The Michigan Department of Corrections does not get to pay reduced attorney fees to volunteer lawyers who represented two freelance journalists in a freedom of information case. The Michigan Supreme Court issued that decision Wednesday in a 5-2 vote.
In this case, the two journalists were seeking security camera video of an altercation where inmate Dustin Szot was killed. The case was extensively litigated and the Michigan Department of Corrections released a video with the participants’ faces digitally obscured.
The Honigman law firm billed the state based on their attorneys’ typical fee schedule. The corrections department balked and said the fact that the attorneys were acting pro bono should reduce the costs.
The Supreme Court majority held the fact that attorneys are acting pro bono should not help determine how much the losing party pays in attorney costs.
“When an attorney agrees to represent a client pro bono, the pro bono nature of the representation should not have any effect on the quality of representation provided or the time spent on the case,” read the opinion written by Justice Kyra Bolden and signed by Chief Justice Elizabeth Clement as well as Justices Richard Bernstein, Megan Cavanagh and Elizabeth Welch. “Therefore, we conclude that whether a client is represented pro bono is never a valid consideration when calculating a reasonable fee award.”
The decision was good news to Marla Linderman Richelew with the Michigan Association for Justice, which filed an amicus brief in the case.

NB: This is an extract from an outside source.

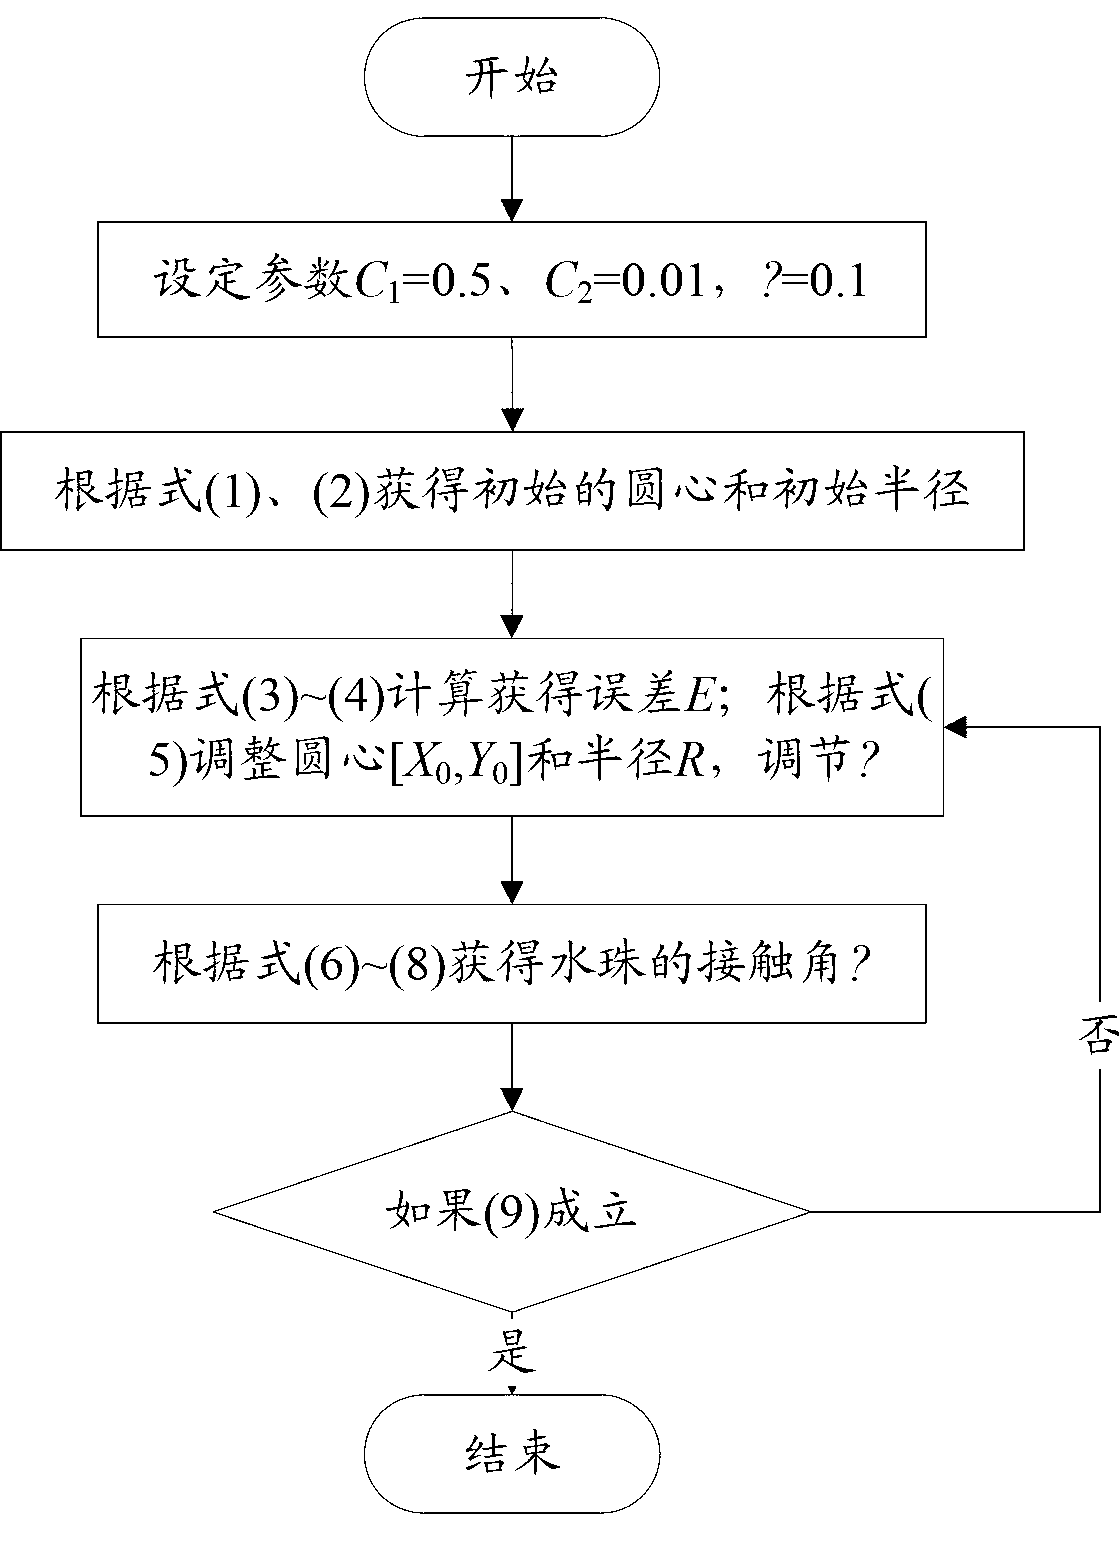 Static contact angle calculation method

She said the decision encourages government agencies to comply with freedom of information laws – and it allows attorneys to do more pro bono work.

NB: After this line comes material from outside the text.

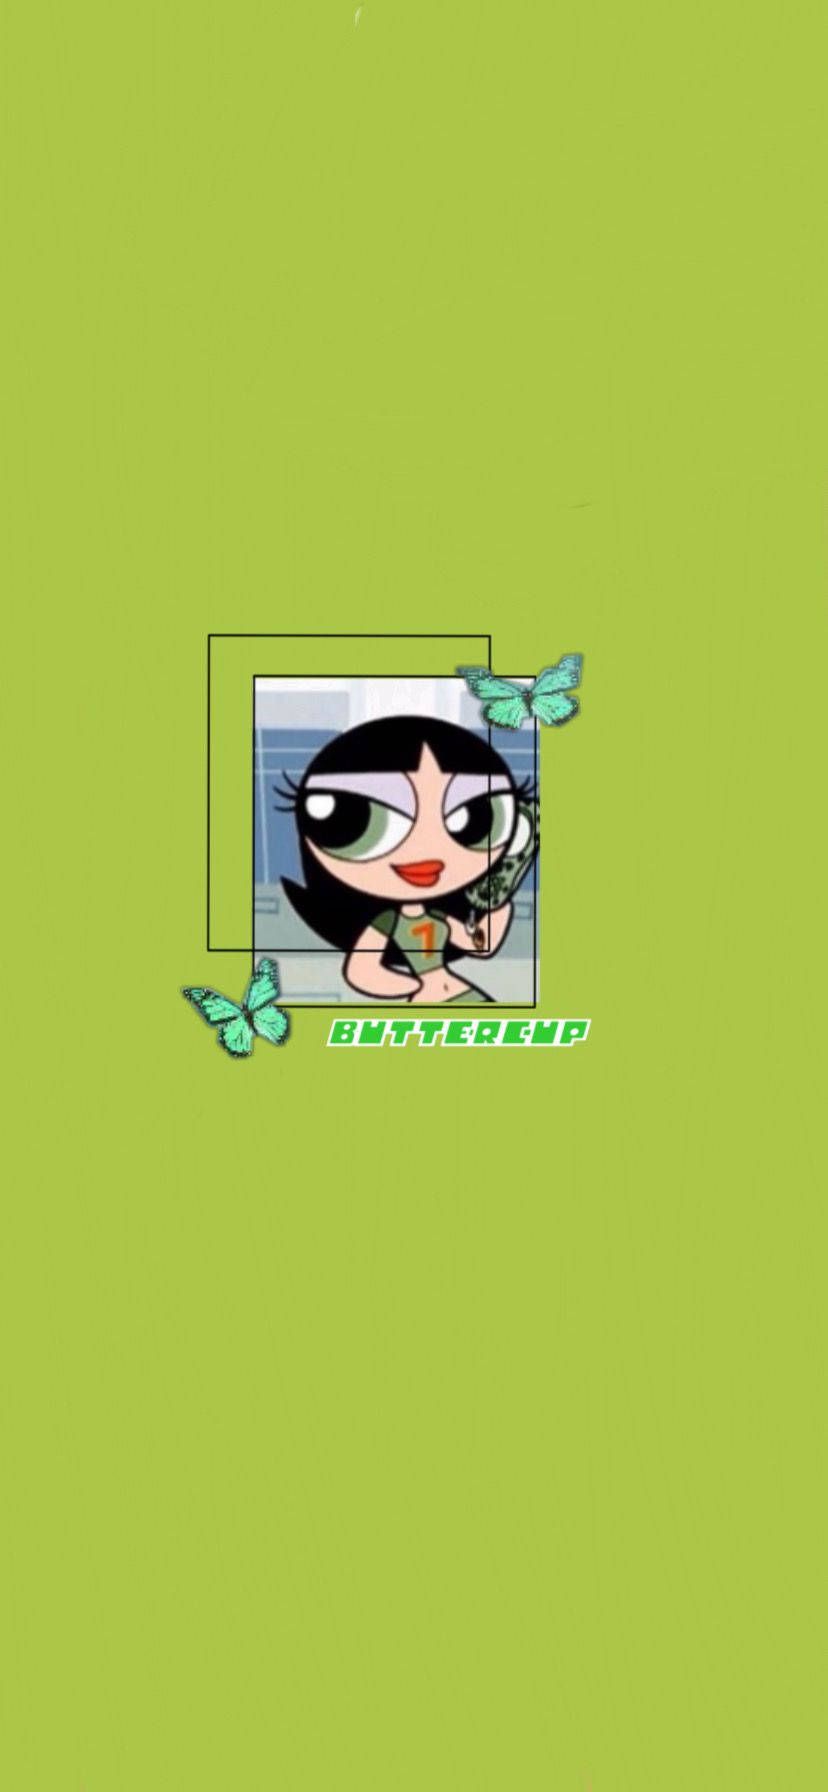 A cartoon character with the words powerpuff girls - Buttercup

“Because they did good and something like this happens, they can do more good,” she told Michigan Public Radio. She said it will also help ensure law firms assign attorneys with appropriate experience to work on the most complicated cases.
Justices Brian Zahra and David Viviano held a different view. Their dissenting opinion said pro bono work is taken on with the expectation of reduced or no fees.
“The Court’s holding today blurs the line between ‘pro bono’ work and work performed for a contingency fee,” reads their dissent. “This also creates a strong, and seemingly perverse, incentive for lawyers and law firms to focus their pro bono activities in areas where they can expect to recover attorney fees rather than in the many diverse areas of the law where pro bono services are desperately needed.”